What is Rerank survival rate?
Rerank survival rate is the fraction of brand chunks in the inferred candidate set per priority sub-query that survive the rerank pass and appear in the cited synthesis surface across a rolling 4-week window. It is the headline metric of a rerank-optimization program and the chunk-level analog of citation share. Compute per sub-query (cited brand chunks divided by inferred candidate-set brand chunks) and average across the priority sub-query set. A rate above 25% is category-leading; 15–25% is competitive; below 15% is exposed. Mid-2026 cohort medians sit at roughly 12% on mid-market programs and 22% on category-leading programs. The rate is the single best predictor of citation share lift per editorial hour at constant retrieval coverage — chunks that retrieve and rerank actually appear in the answer; chunks that retrieve but fail rerank do not.
How it relates to AI UGC
Multimodal-active sub-queries carry a parallel visual rerank survival rate — image chunks scored on visual cross-encoder properties (ImageObject schema density, persona stability, image freshness, caption alignment, content-hash recency). Programs tracking the parallel rate identify visual rerank decay 5–7 weeks ahead of programs tracking text rerank alone. ppl.studio production cadence holds the visual rerank survival rate above the carousel threshold on persona-locked image sets.
Key statistics
- Mid-2026 rerank survival rate medians: 12% on mid-market programs, 22% on category-leading programs; rates above 25% are category-leading (survival-rate cohort, 2026).
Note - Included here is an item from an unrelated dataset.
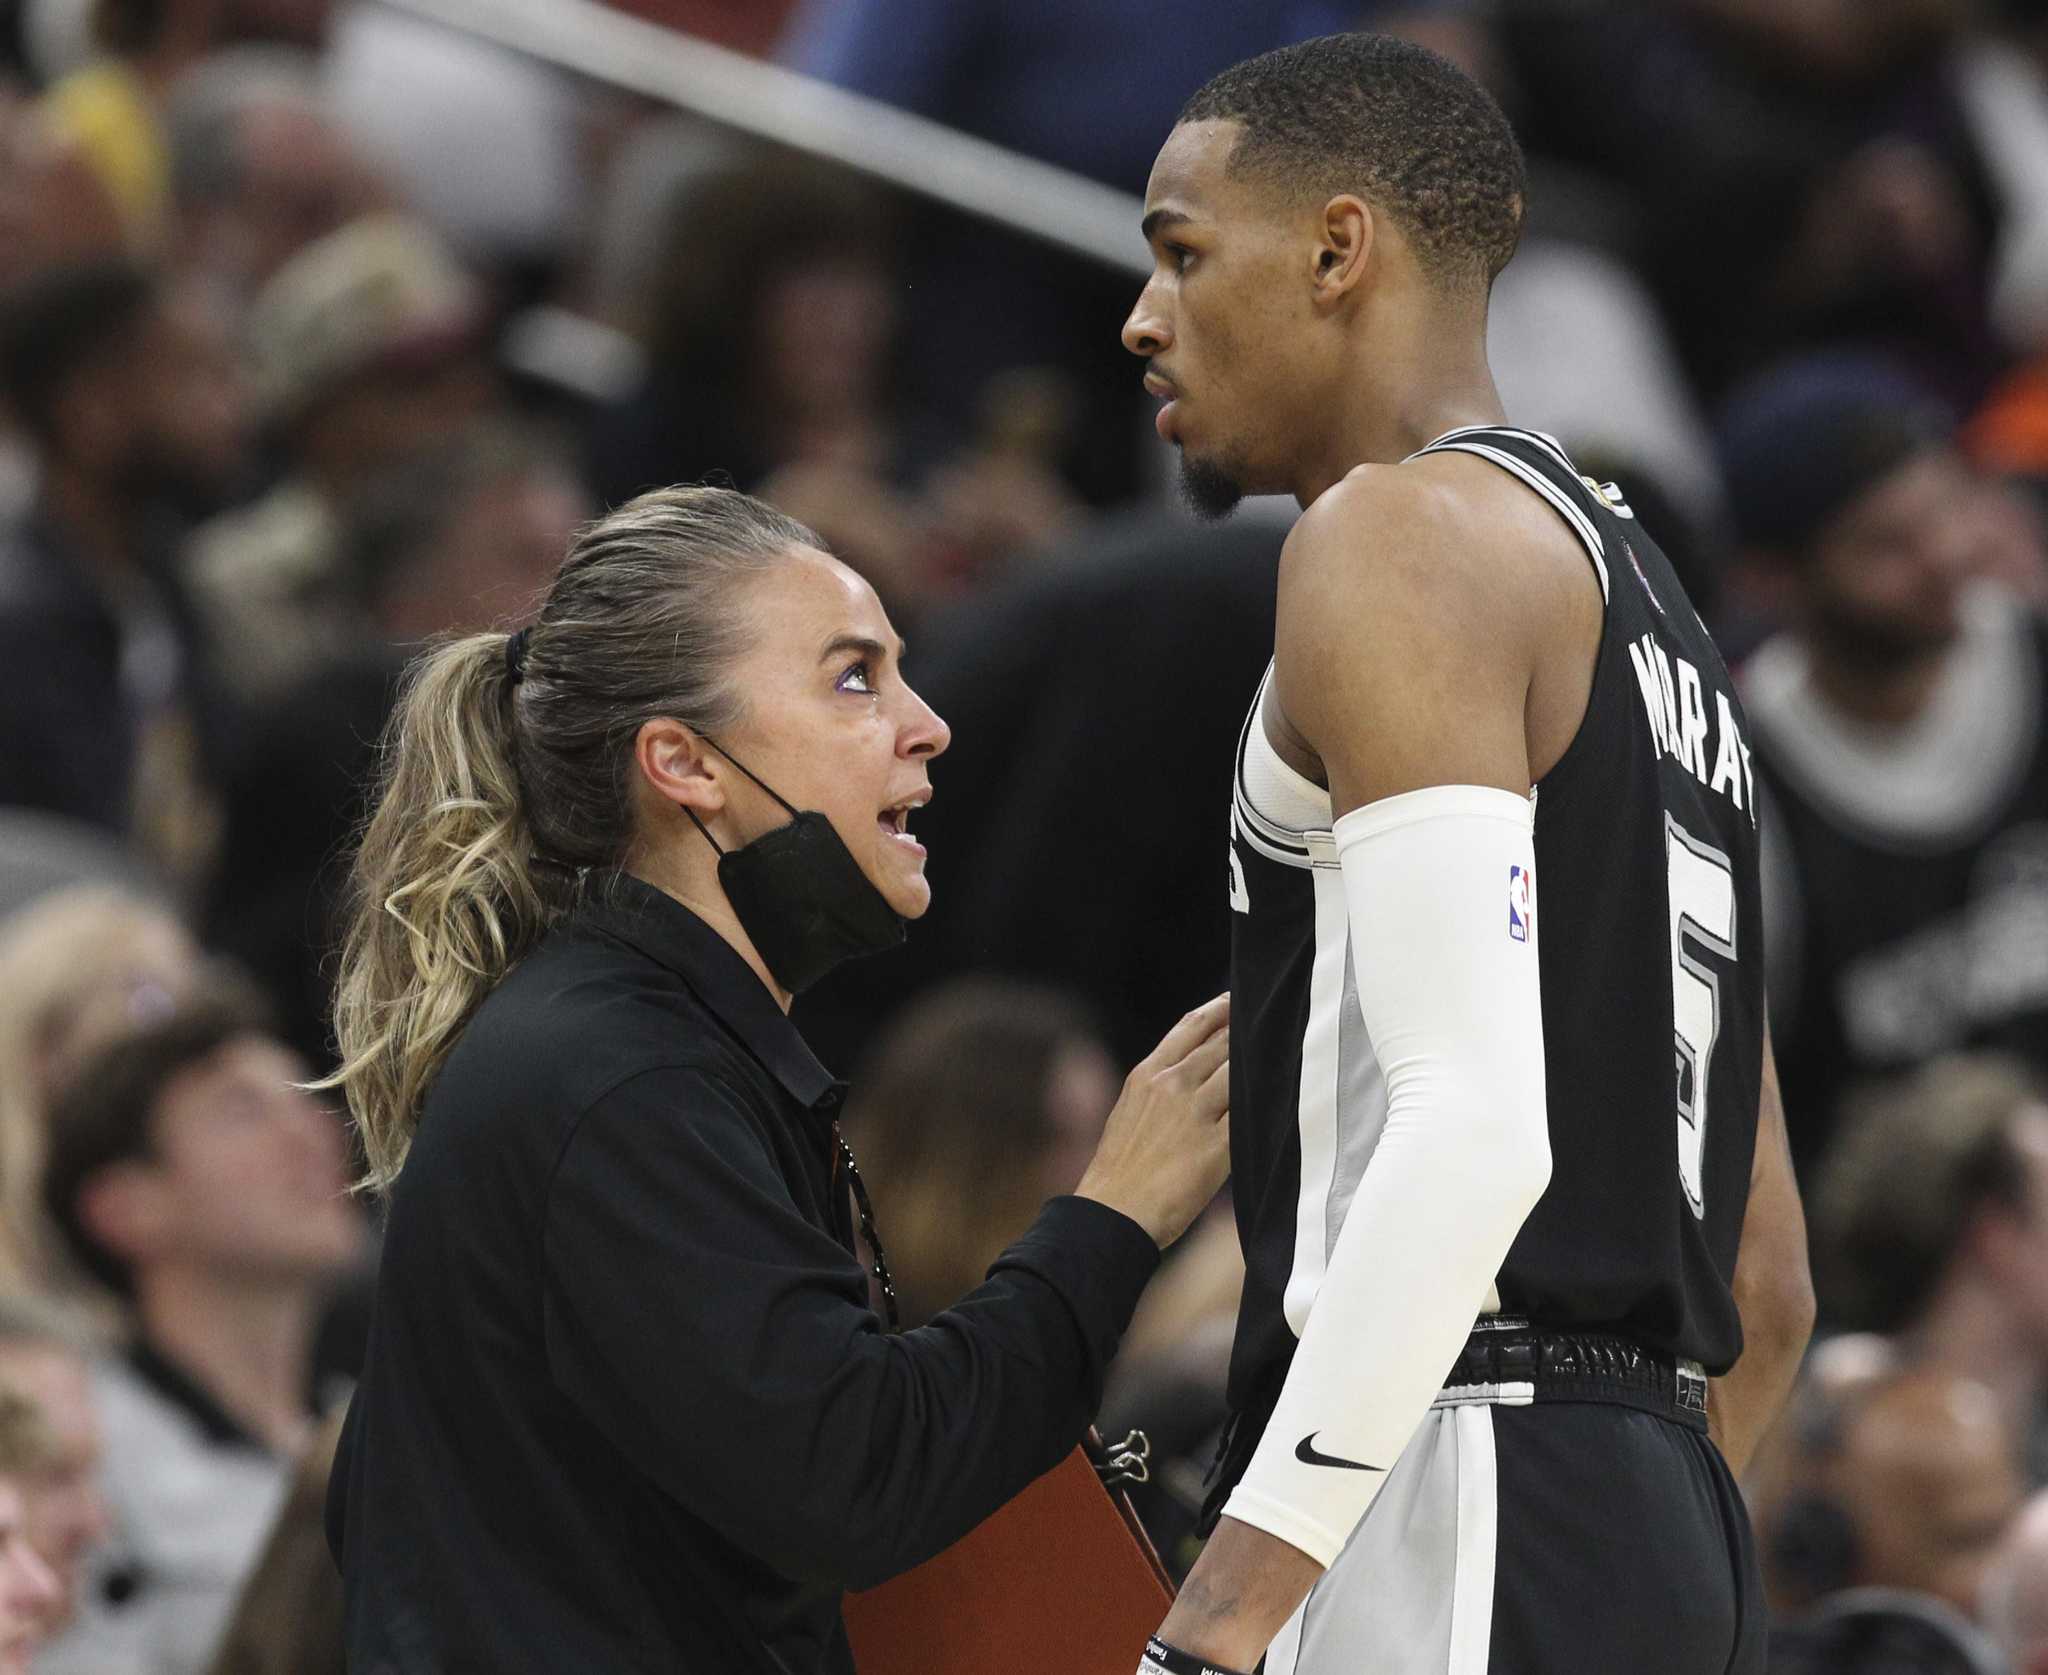 Everyone loves and respects her': Spurs have mixed reactions to Becky Hammon...

- Rerank survival rate and total citation share move together with a 4–8 week lag once chunk-level edits start shipping — the lag is the engine's re-embedding cycle for re-scored chunks (survival-lift lag audits, 2026).
- Programs that lift rerank survival from 12% to 22% on the priority sub-query set report total citation share lift of 1.8–2.6× at constant retrieval coverage — the lift isolates rerank optimization from retrieval optimization on the metric line (rerank-lift attribution, 2026).